FDA device regulator calls for more authority

Without specifically endorsing legislation introduced by House Democrats, the FDA's top dog on medical devices has thrown his support behind tougher regulations for approving products that have designs traceable to recalled items.

It is the kind of authority that might have kept vaginal mesh products and problematic hip joint replacements made by Johnson & Johnson ($JNJ) and others from wreaking the medical and legal havoc they have. Not surprisingly, the industry's response is the FDA has all the rules and regulations it needs.

Jeffrey Shuren, director of the FDA's Center for Devices and Radiological Health, told Bloomberg that under current rules, a manufacturer can voluntarily pull a device with design flaws and resubmit another version. The FDA must approve without human testing devices that have an eligible "predicate" unless the older device was ordered by the agency or a court to be pulled.

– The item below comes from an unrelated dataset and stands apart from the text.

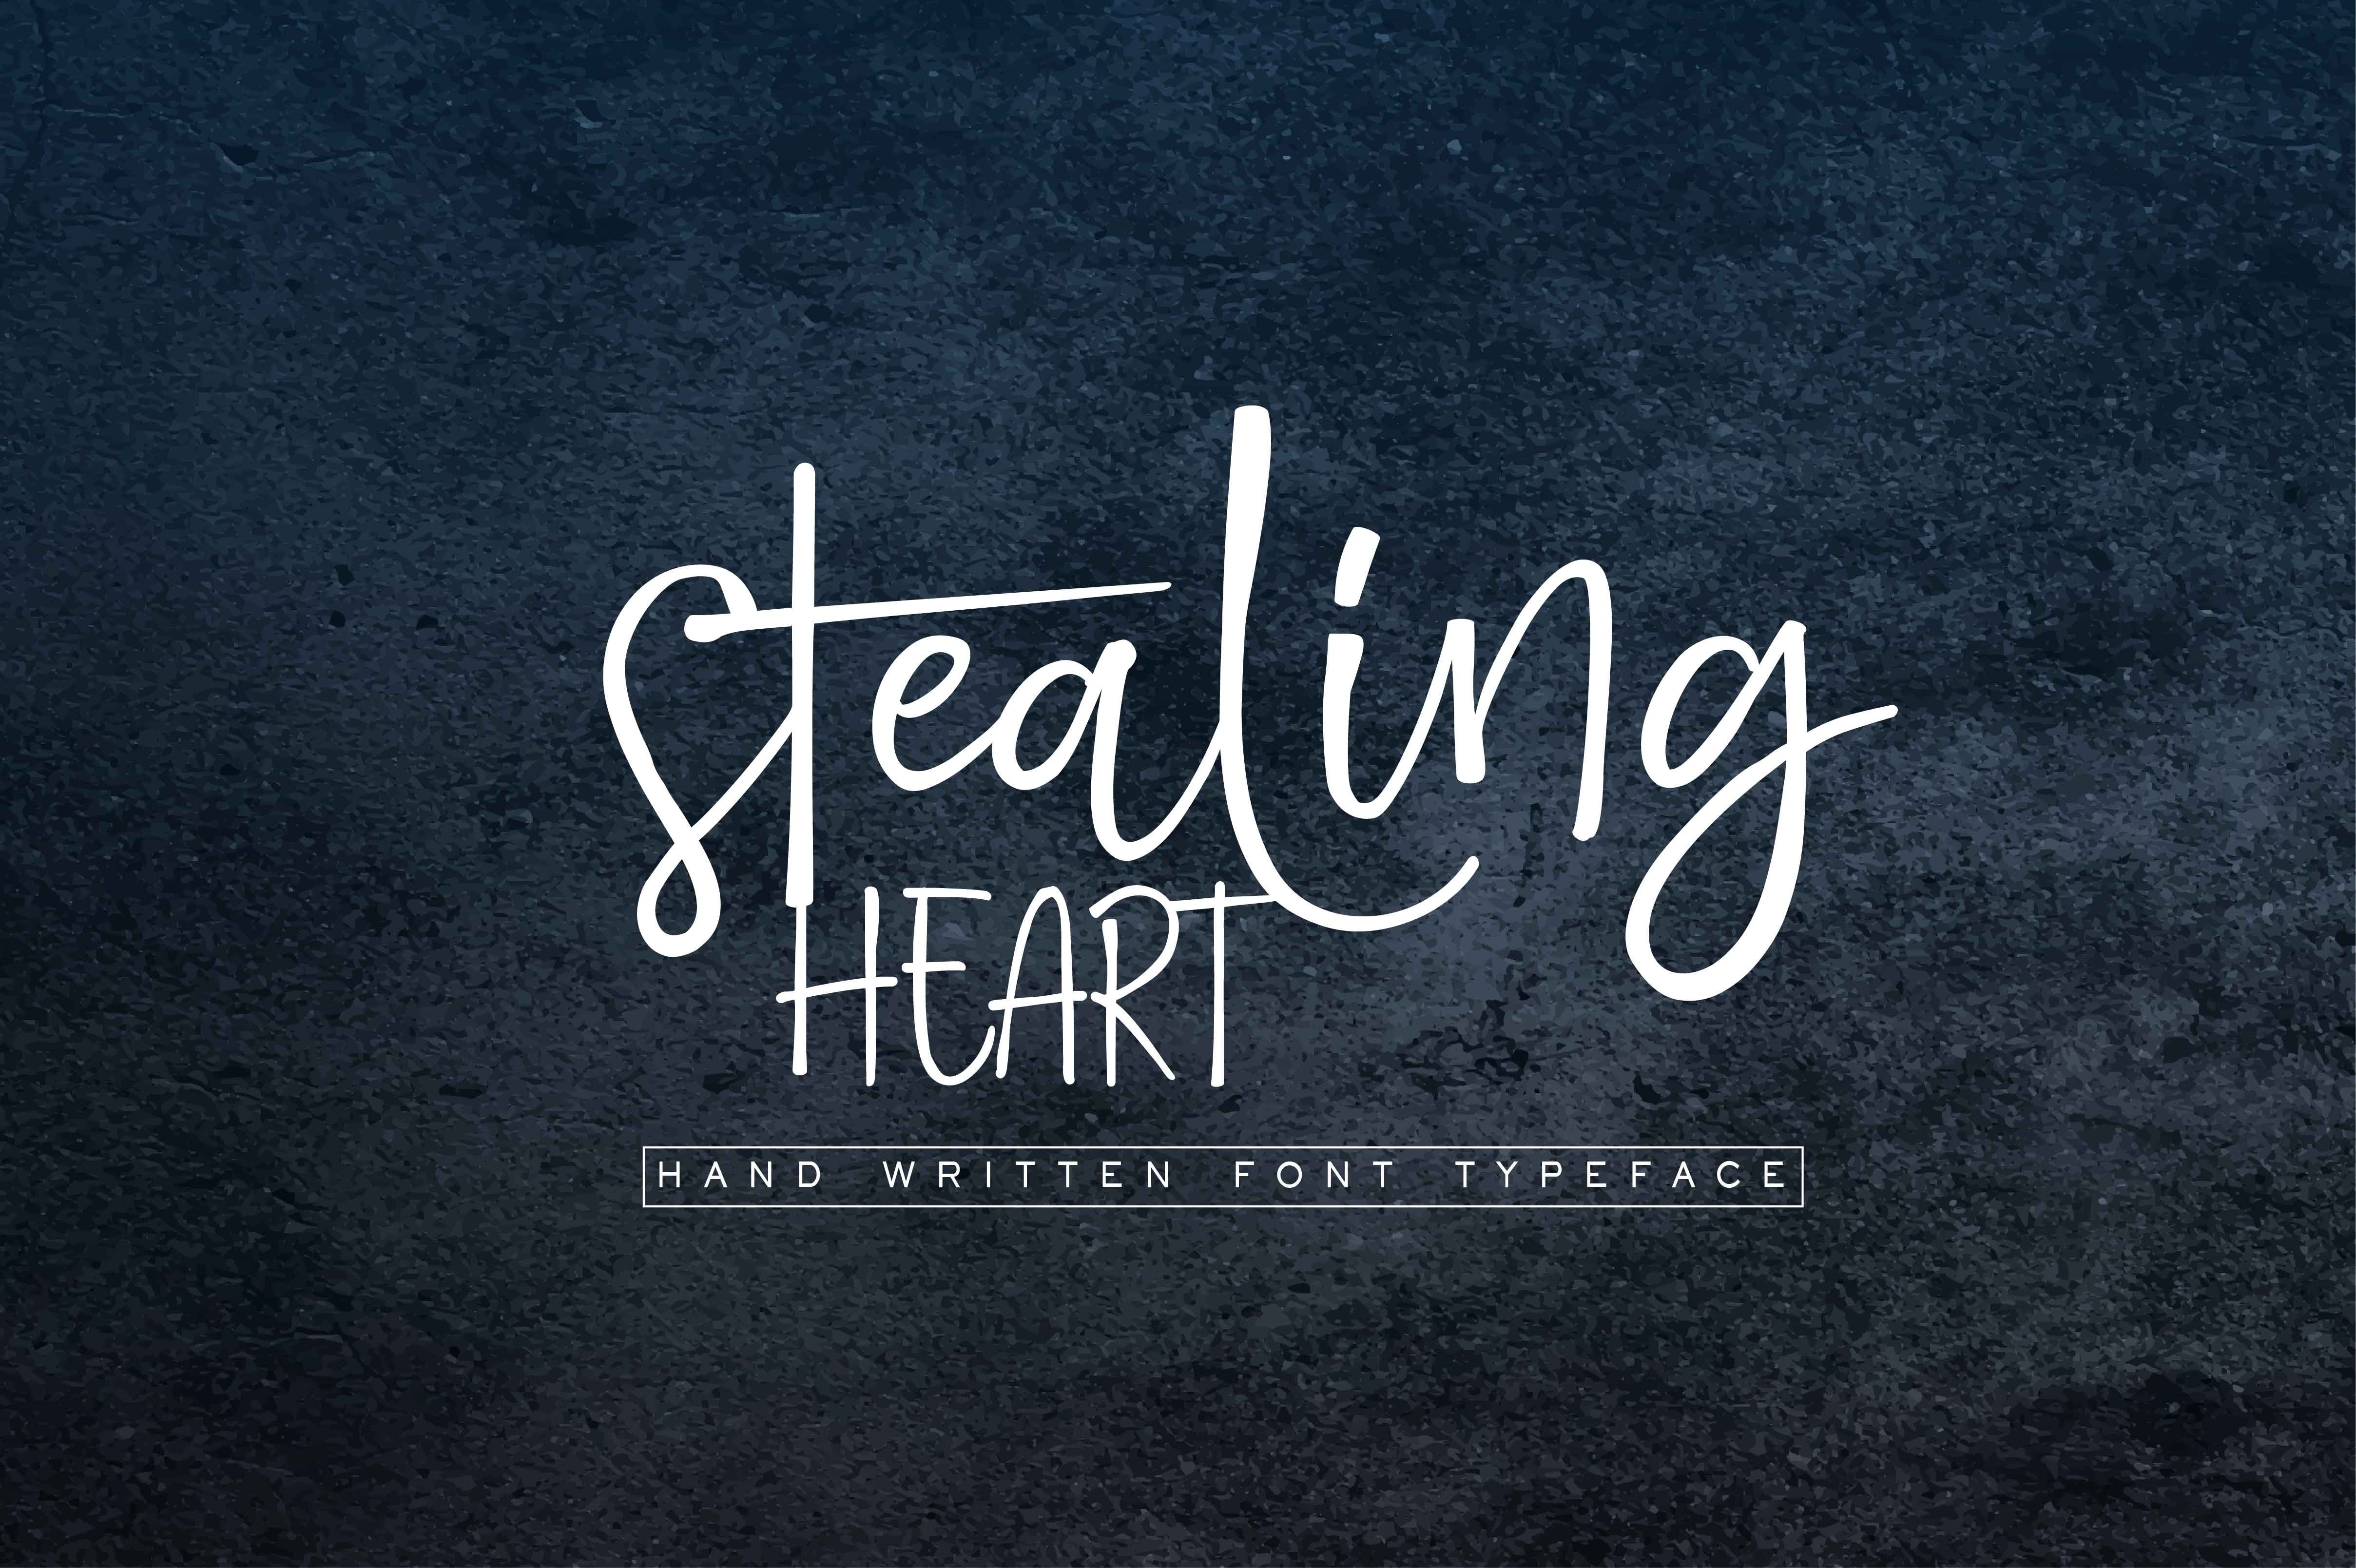 STEALING HEART Script cover image.
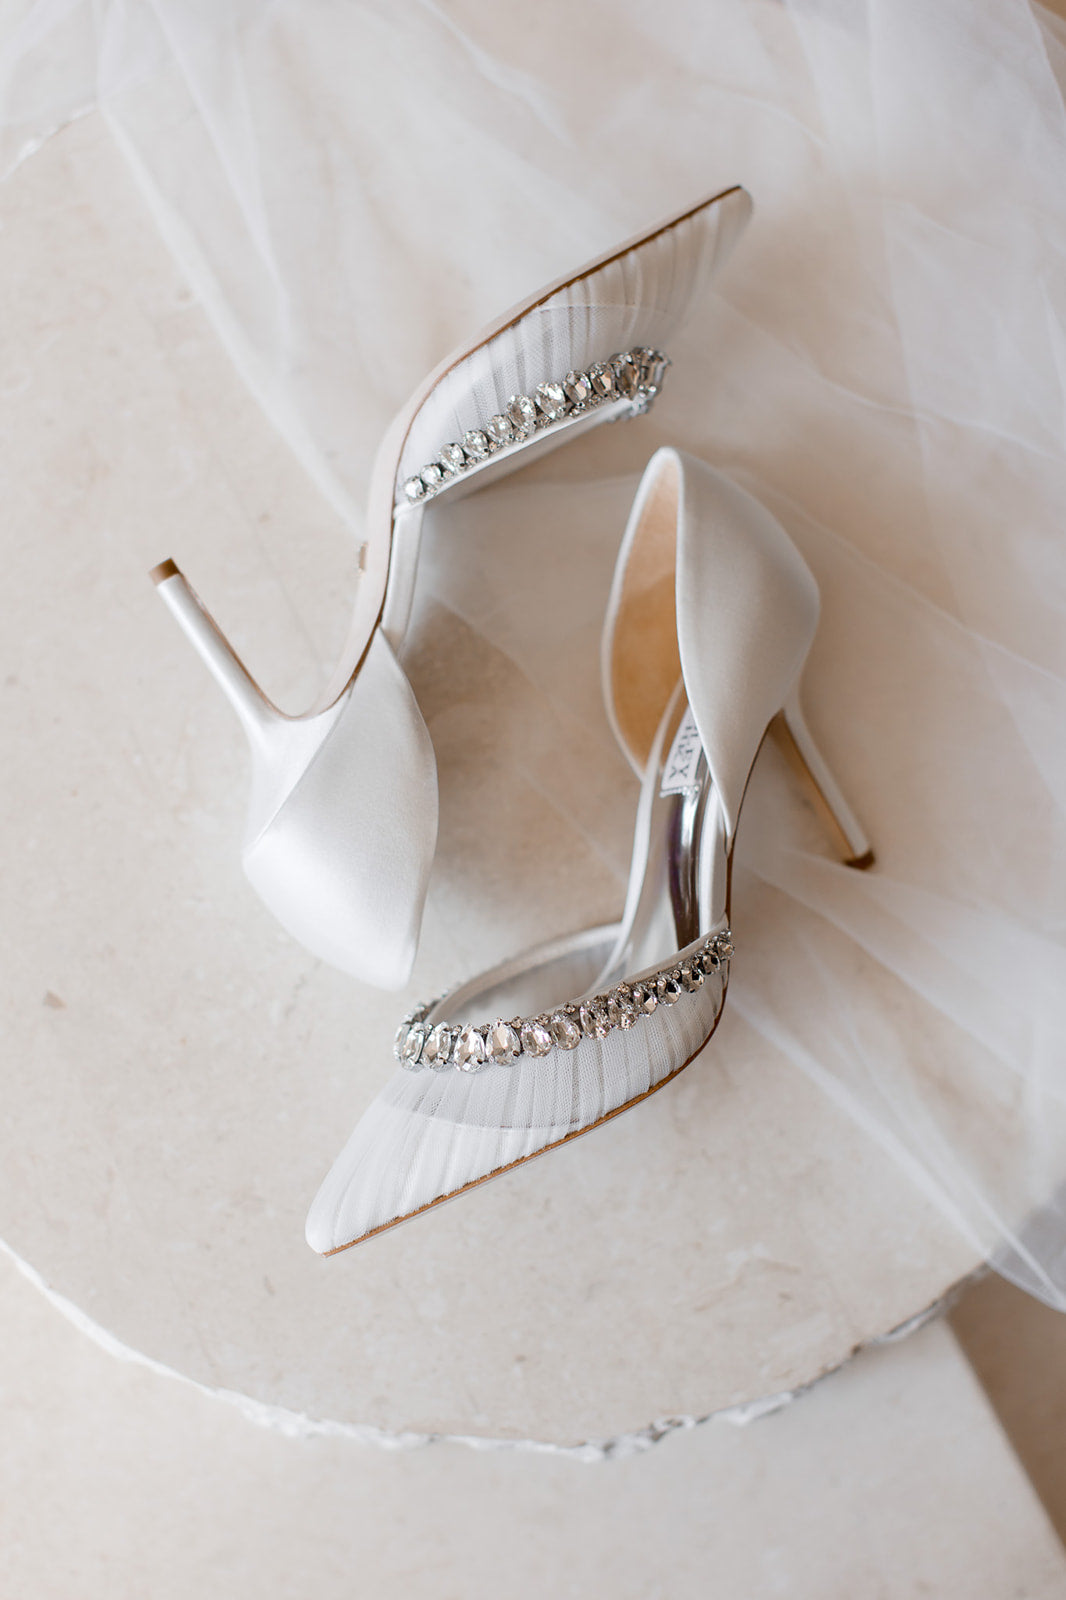 Everley - Satin & Tulle D'orsay Heels with Crystal Embellishments - Soft White

That is what happened with vaginal mesh products that have since failed, resulting in hundreds of lawsuits. A report by the FDA released in July found deaths related to the products have increased 5-fold.

House Democrats have introduced legislation that would close what Shuren referred to as the "loophole." The Advanced Medical Technology Association maintains devicemakers already labor under a long and difficult approval process, and the additional authority would only add to the burden.

Shuren acknowledged that only an average of 28 of 3,000 devices approved annually can be traced to the loophole. However, a few of those devices, like vaginal mesh, have created out-sized problems that have undermined the public's faith in FDA oversight.

"It's good for patients and it's good for companies and it assures that if there's a problem with the new device, it gets addressed before it goes to market," Shuren told Bloomberg.